いきなりですが、次のコードの実行結果はどうなると思いますか?
import asyncio
import time
async def process_save_queue():
while True:
print("Task1: Starting blocking operation")
time.sleep(2)
print("Task1: Finished blocking operation")
async def startup_process_event_queue():
while True:
print("Task2: I'm running!")
await asyncio.sleep(1)
async def main():
task1 = asyncio.create_task(process_save_queue())
task2 = asyncio.create_task(startup_process_event_queue())
await asyncio.gather(task1, task2)
if __name__ == "__main__":
asyncio.run(main())
実行結果は以下のようになります:
Task1: Starting blocking operation
Task1: Finished blocking operation
Task1: Starting blocking operation
Task1: Finished blocking operation
...
Task2の出力がまったく表示されません。
なぜTask2が実行されないのか?
原因は、process_save_queue() 内で 同期処理の time.sleep(2) を使っていることにあります。
async def で定義された非同期関数では、本来 await を使って「他の処理に譲る」ことを期待されています。非同期処理はマルチスレッドやマルチプロセスとは異なり、ひとつのスレッド内でタスク同士が await を使って協調しながら動作するのが基本です。
ところが time.sleep(2) は処理をブロックする同期関数のため、実行中は他のタスクに制御が渡りません。その結果、Task1が動いている間、Task2はずっと待たされたまま実行されないという状況になります。
よくある落とし穴
今回の例のようにすべて同期的に止まってしまえば問題にすぐ気づけますが、もしタスク1の中に非同期処理と同期処理が混ざっていたらどうでしょうか?
この場合、Task2も一応動いてはいるように見えますが、処理効率は非常に悪くなります。
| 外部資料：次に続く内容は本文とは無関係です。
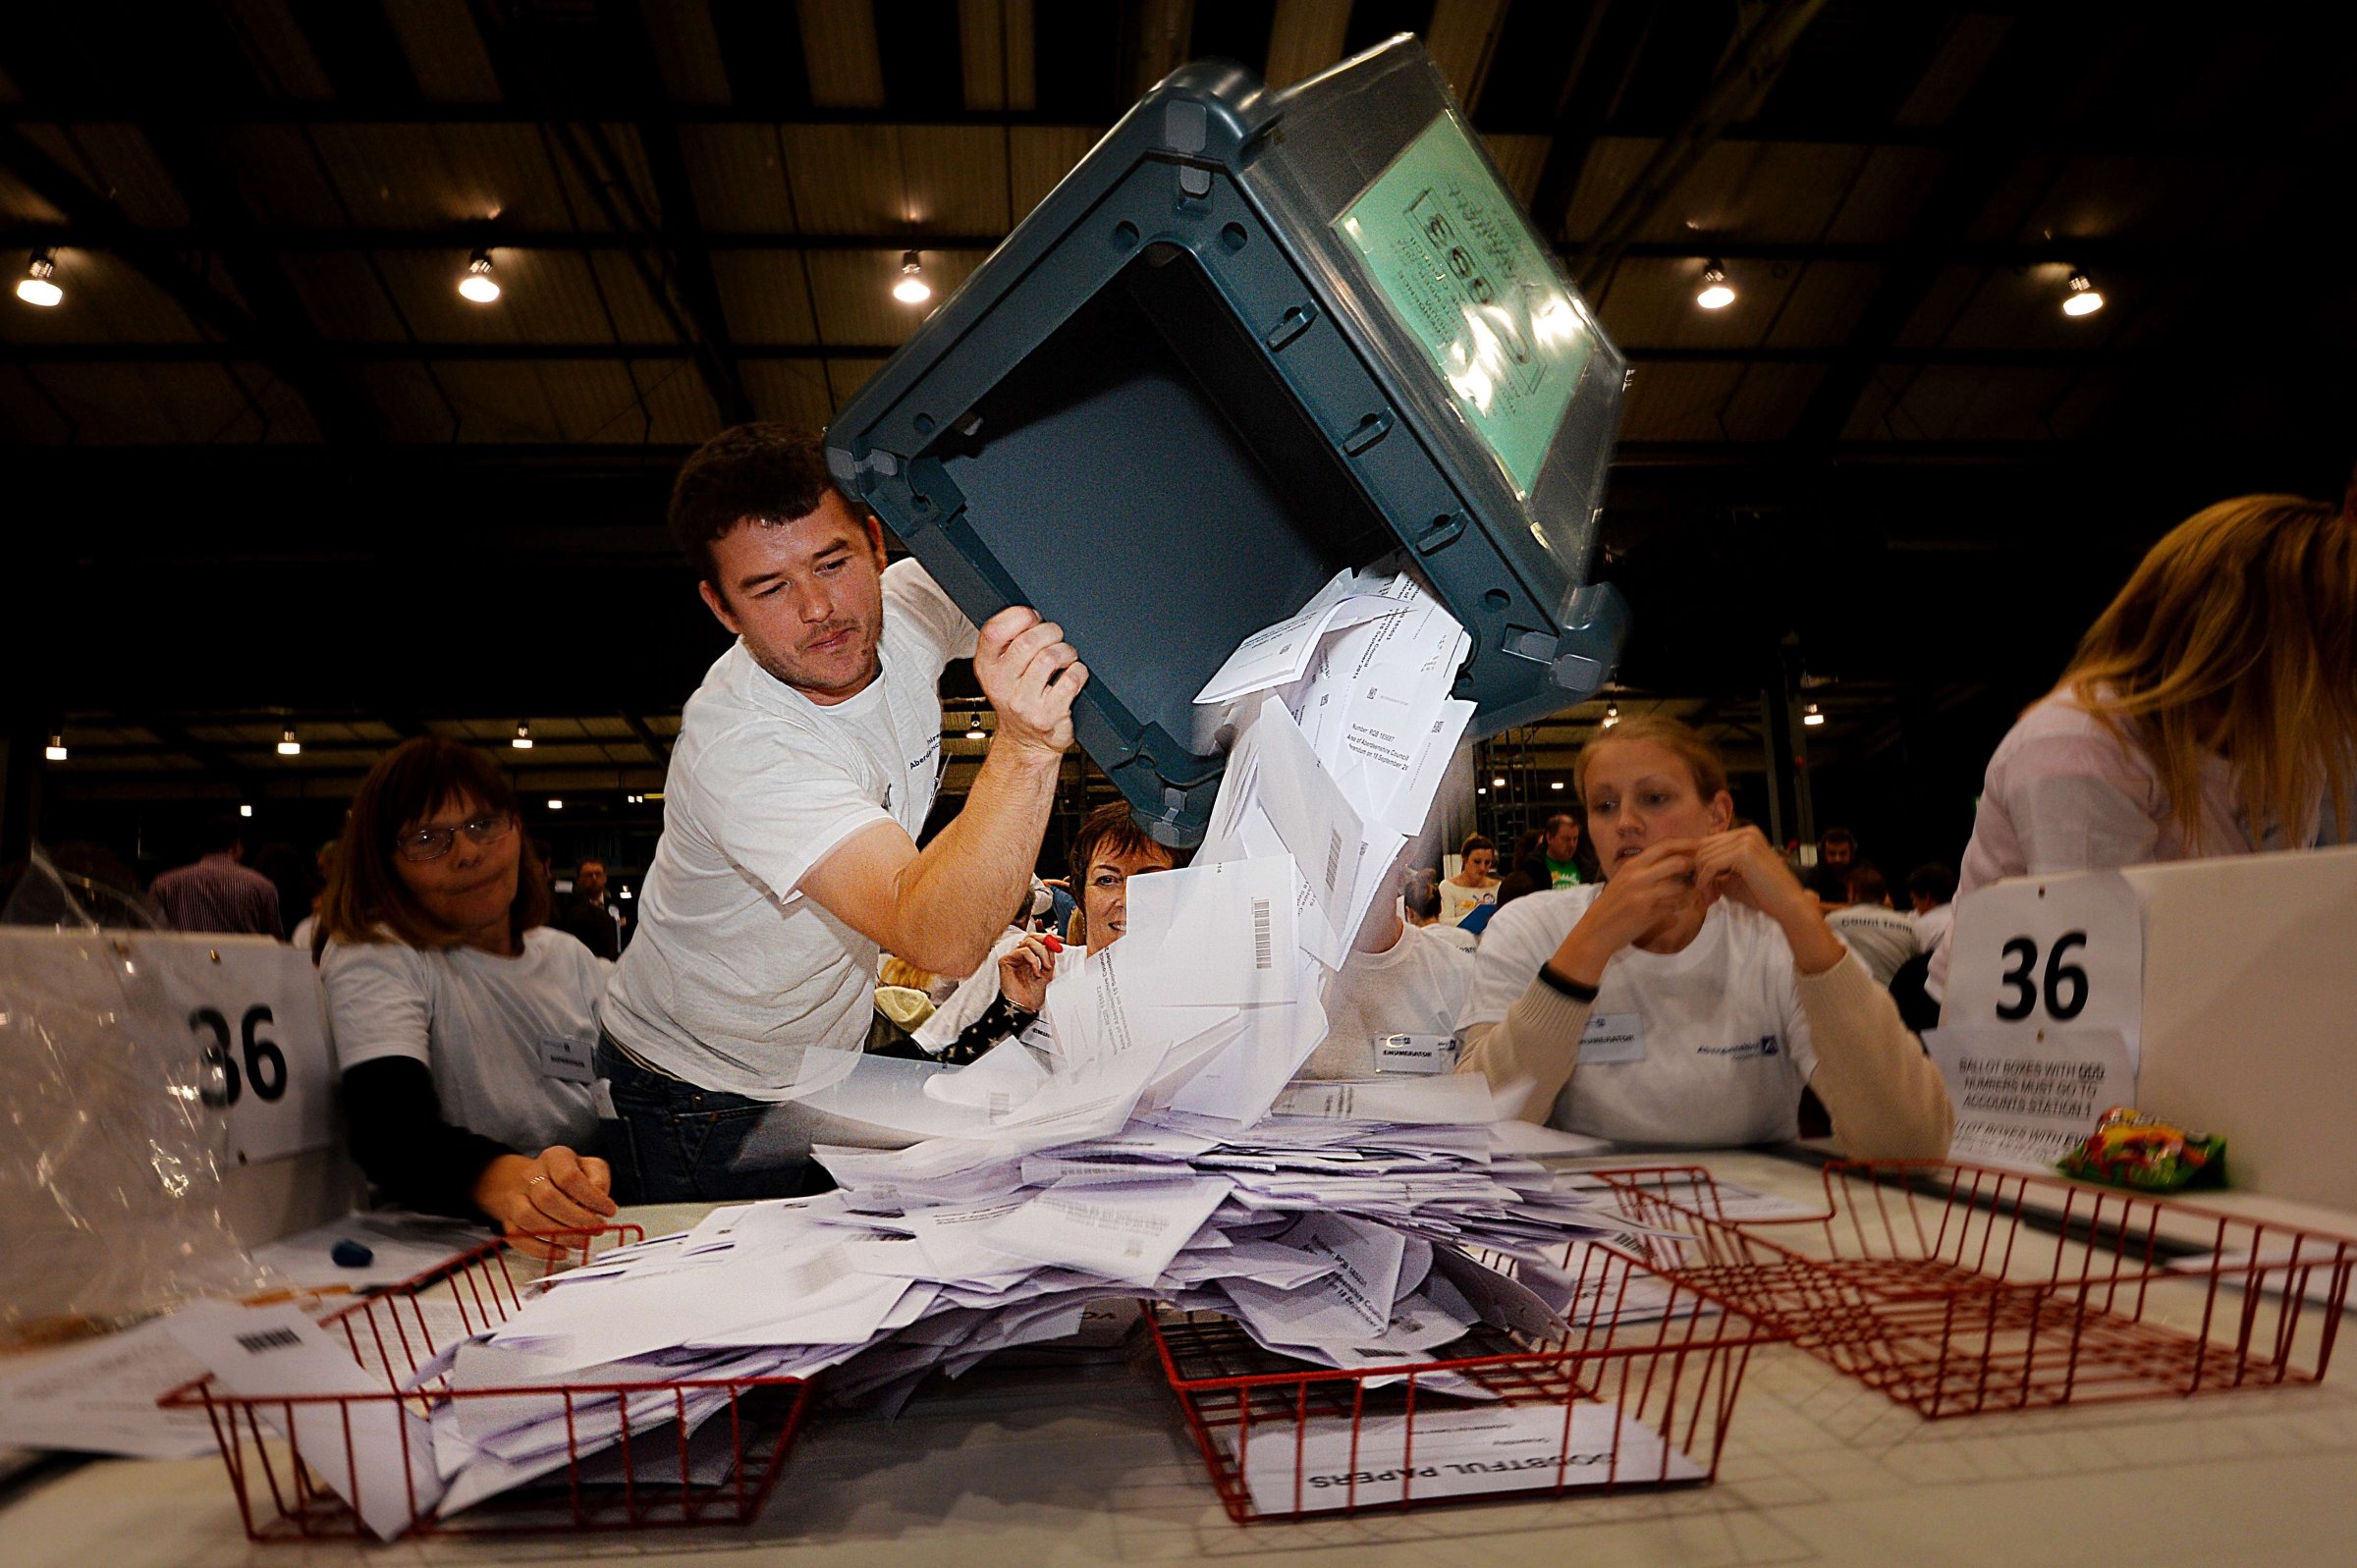 A worker tips out a ballot box in the Aberdeen Exhibition and Conference Centre in Aberdeen, on Sept.r 18, 2014, immediately after the polls close in the referendum on Scotland's independence.

気づかないうちにアプリケーションのパフォーマンスを大きく損なってしまう危険があります。
正しい書き方
非同期関数内で同期処理を行いたい場合は、次のように書き換える必要があります:
方法1:非同期版のsleepを使う
await asyncio.sleep(2)
方法2:同期処理を別スレッドで実行する
await asyncio.to_thread(time.sleep, 2)
どちらも、他のタスクに制御を渡すための手段です。
結論
非同期関数の中で 同期処理を直接呼び出すのはNG です。
必ず await を使って、他のタスクにも処理を譲るように設計しましょう。